During the 1930s their relationship drifted towards a platonic friendship more than lovers - but their love for one another was still strong - regardless of the form it took.
This can clearly be seen in letters from 1940. During the Blitz, Virginia’s London home was destroyed so the Woolfs moved to their Sussex home called Monk’s House. Here Virginia always kept a room ready for Vita and kept it filled with flowers.
In September 1940, Virginia wrote to Vita: ‘It’s perfectly peaceful here… I’d just put flowers in your room. And there you sit with the bombs falling around you… What can one say - except that I love you and I’ve got to live through this strange quiet evening thinking of you sitting alone. Dearest - let me have a line… You have given me such happiness’.
To this Vita replied, ‘Oh dear, how your letter touched me this morning… I love you too; you know that.’
Now, you may be wondering how their relationship links to Knole House. It was not only Vita’s ancestral home but the setting for Virginia’s novel Orlando. Orlando is the love letter from Virginia to Vita. Vita’s son described it as “the longest and most charming love letter in literature”.
Orlando, written in 1928, is the tale of an Elizabethan nobleman, whose life spans 500 years, following him as he falls in and out of love during his travels across Europe. The narrative moves swiftly through his adventures until the defining moment of the novel - when Orlando is transformed into a woman.
Orlando then lives through the 19th and 20th centuries, navigating life as a woman in London, but finally returns to her ancestral home at the novel’s close.
The character of Orlando represents the strong nobleman that Virginia saw within Vita, as she was in awe of how she took command and became the centre of attention when she entered a room. Virginia once wrote of Vita, ‘her capacity… to take the floor in any company, to represent her country… to control silver, servants… her being in short (what I have never been) a real woman.’
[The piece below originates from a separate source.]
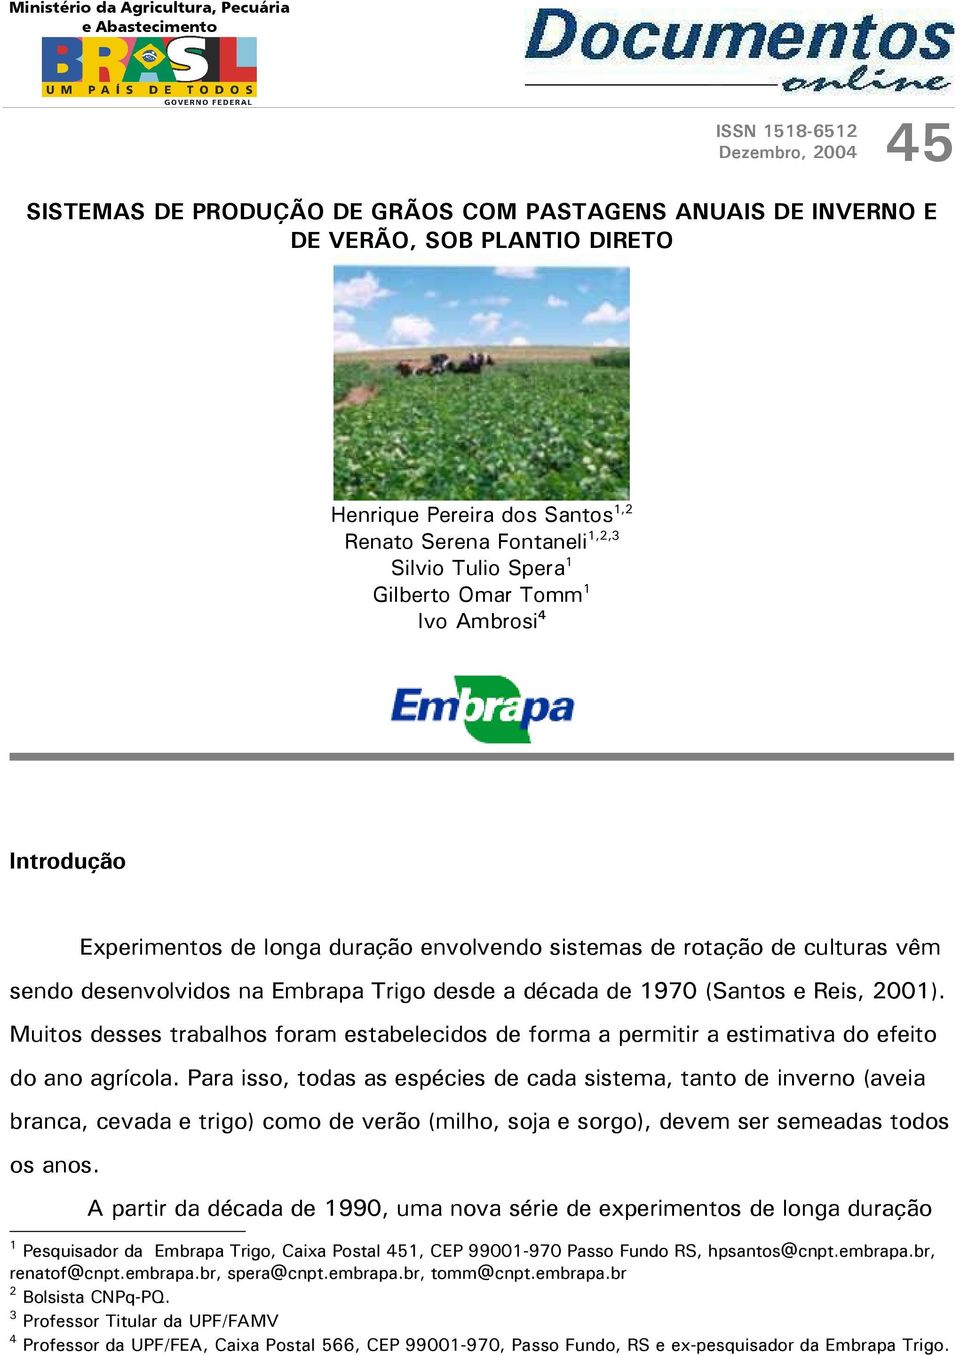 desenvolvidos na Embrapa Trigo desde a década de 1970 (Santos e Reis, 2001). Muitos desses trabalhos foram estabelecidos de forma a permitir a estimativa do efeito do ano agrícola.

There is no ambiguity about who Orlando was based upon. Vita’s image is used when Orlando becomes a woman - shown here on this slide. They are one and the same.
Virginia expressed her love for Vita through the character of Orlando. Virginia’s love for Vita is clear when Orlando, now a woman, reflects on her past loves. Virginia writes, ‘Though she herself was a woman, it was still a woman she loved; and if the consciousness of being of the same sex had any effect at all, it was to quicken and deepen those feelings which she had had as a man.’
Despite this clear same sex attraction, Orlando was not judged to be obscene. The Well of Loneliness written by Radclyffe Hall, published in the same year and also about queer women, lost its obscenity trial and the judge ordered all copies to be destroyed. Some argue that Orlando escaped this fate as the plot was so intricate. It existed outside time, and gender, thus outside society so it wasn’t a ‘threat’ to the reader.
This brings us to Knole House’s place in this story.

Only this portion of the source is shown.